As part of the offline evaluation of the WDQS graph split (scholarly article vs the rest) we want to extract multiple sets of SPARQL queries.
(initially drafted from https://docs.google.com/document/d/1QsV96LtpK5lDD2N2jy-6vaF_0d_Yf_HLb8uFARFMxJ8)
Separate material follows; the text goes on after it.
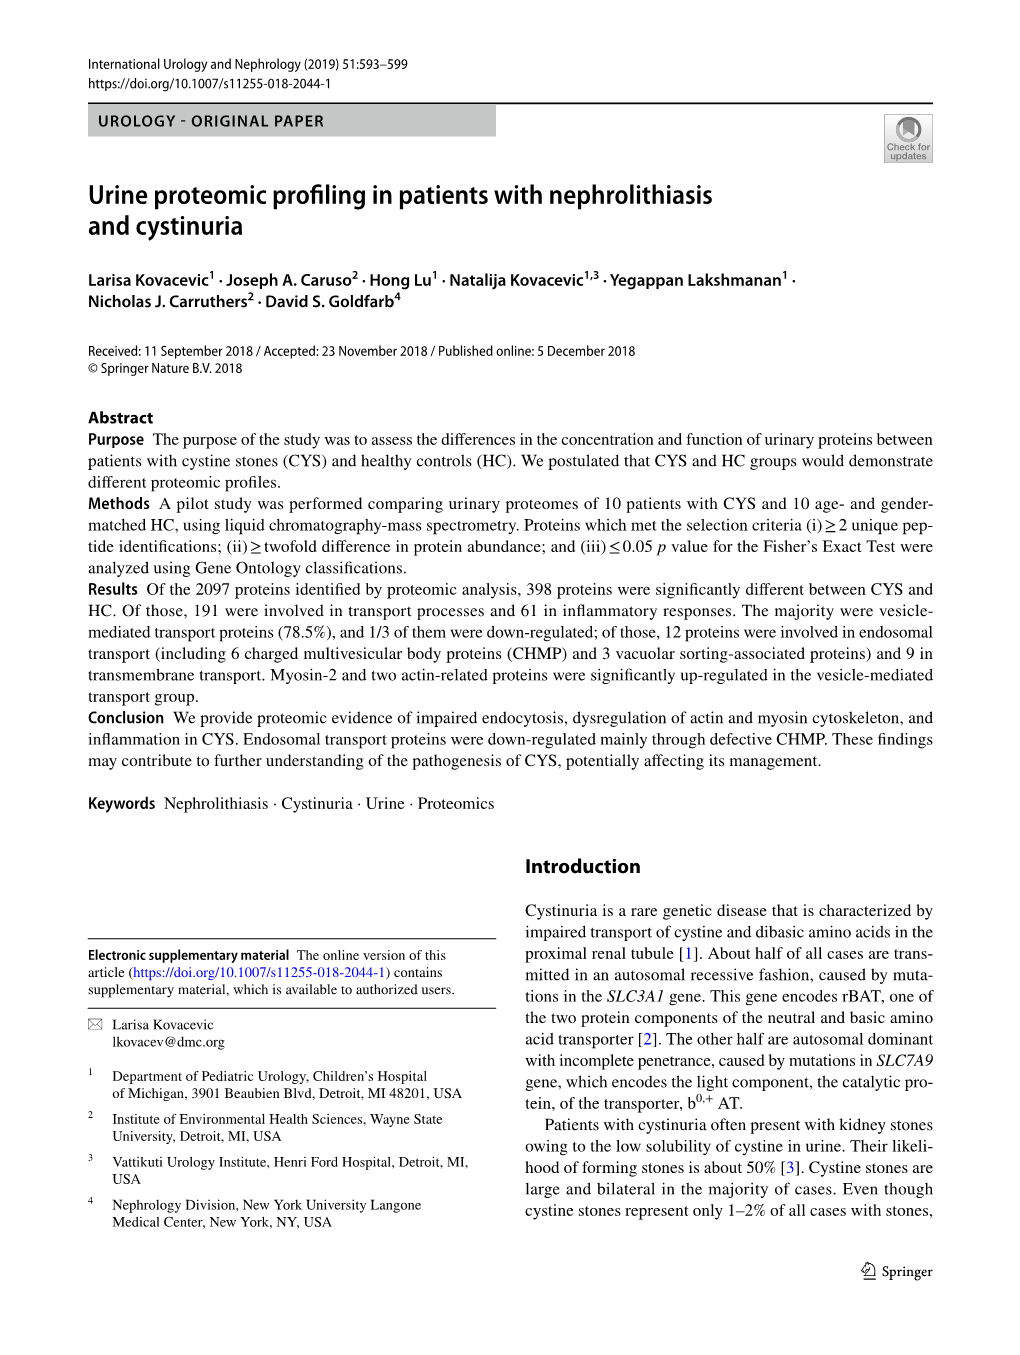 Urine Proteomic Profiling in Patients with Nephrolithiasis and Cystinuria
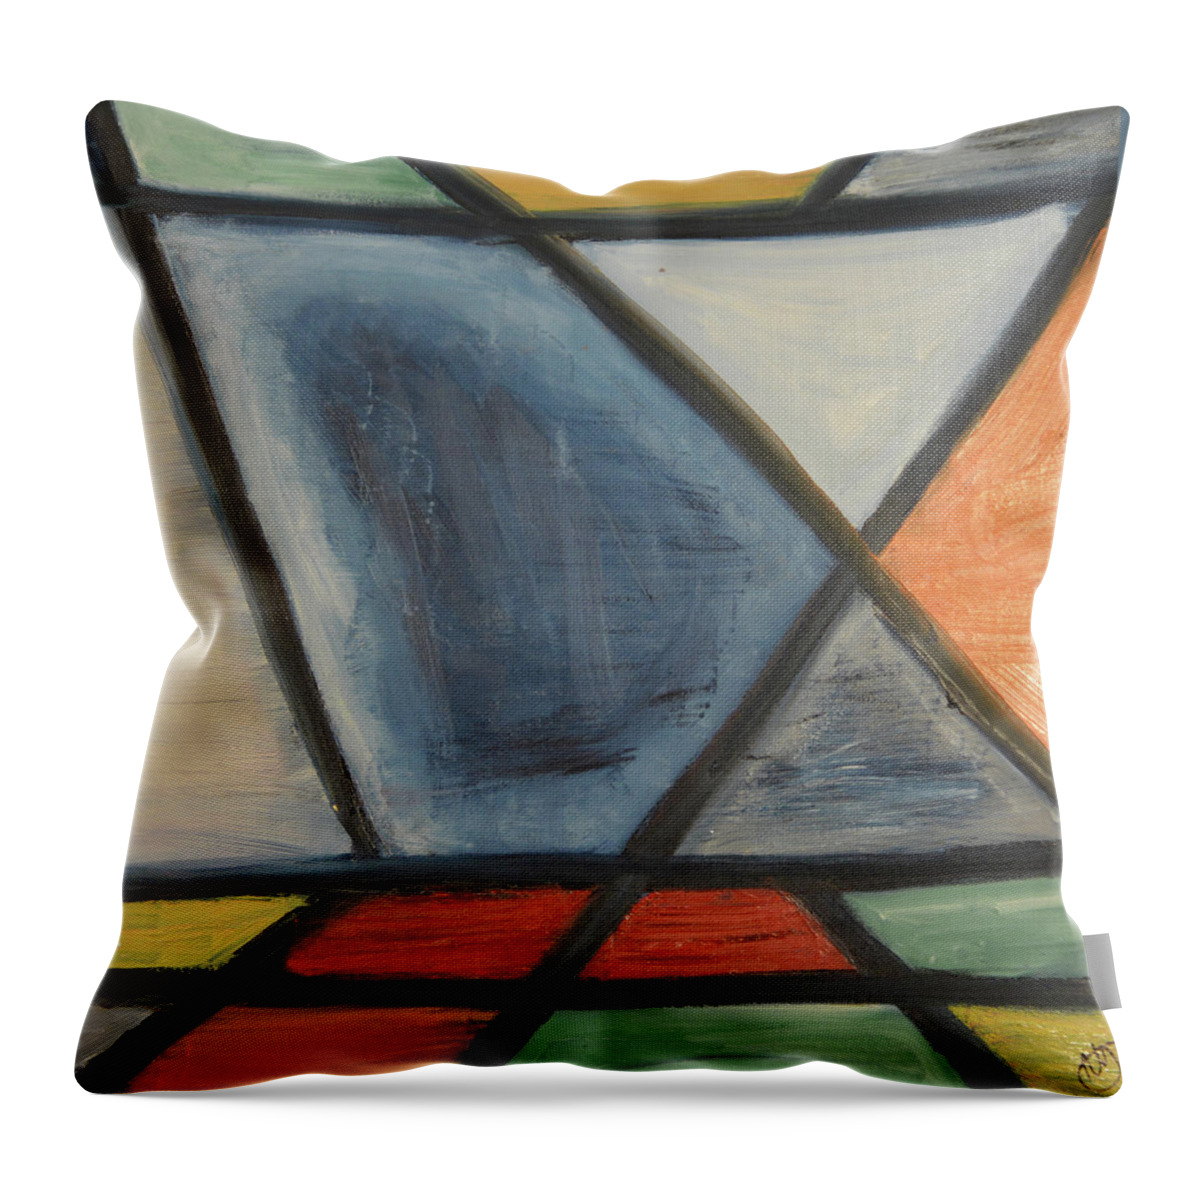 Stainglass Throw Pillow featuring the painting Stain Glass Window by Anita Hummel

QUERY-Q1: From the query logs identify and extract sets of queries emitted from a set of known sources:
- [[ https://www.wikidata.org/wiki/Wikidata:Listeria | Listeria ]]
- Mix-n-match
- Pywikibot
- wd/wb-integrator
- WDQS UI
QUERY-Q2: From queries written in wikidata wikipages:
- https://observablehq.com/@pac02/hello-sparql-queries-dataset?collection=@pac02/wikidata-tools
- https://huggingface.co/datasets/htriedman/wiki-sparql/viewer/htriedman--wiki-sparql/test
QUERY-Q3: Extract a set of queries known to be used by scholia
QUERY-Q4: A set of queries from the query logs, ideally representative of the following characteristics:
- Query size
- Query time
- Status code (http return status)
The output is expected to be a hive table with 2 columns:
- query: the sparql query in plain text
- provenance: a code identifying the provenance (source) of the query
Note: query logs are available in `events.wdqs_external_sparql_query`.
**Acceptance criteria**
[] QUERY-Q1: From the query logs identify and extract sets of queries emitted from a set of known sources
[X] QUERY-Q2: From queries written in wikidata wikipages ([done](https://docs.google.com/document/d/1sOa_QKrVNgR-jvd0h-ja-kNOuXiGCMcFdXPL1mZNwmY/edit#bookmark=id.auilm4r9oljz))
[X] QUERY-Q3: Extract a set of queries known to be used by scholia ([done](https://docs.google.com/document/d/1sOa_QKrVNgR-jvd0h-ja-kNOuXiGCMcFdXPL1mZNwmY/edit#bookmark=id.auilm4r9oljz))
[] QUERY-Q4: A set of queries from the query logs, ideally representative of the following characteristics:
**Links**
* [14 Nov 2023 Meeting notes](https://docs.google.com/document/d/1sOa_QKrVNgR-jvd0h-ja-kNOuXiGCMcFdXPL1mZNwmY/edit)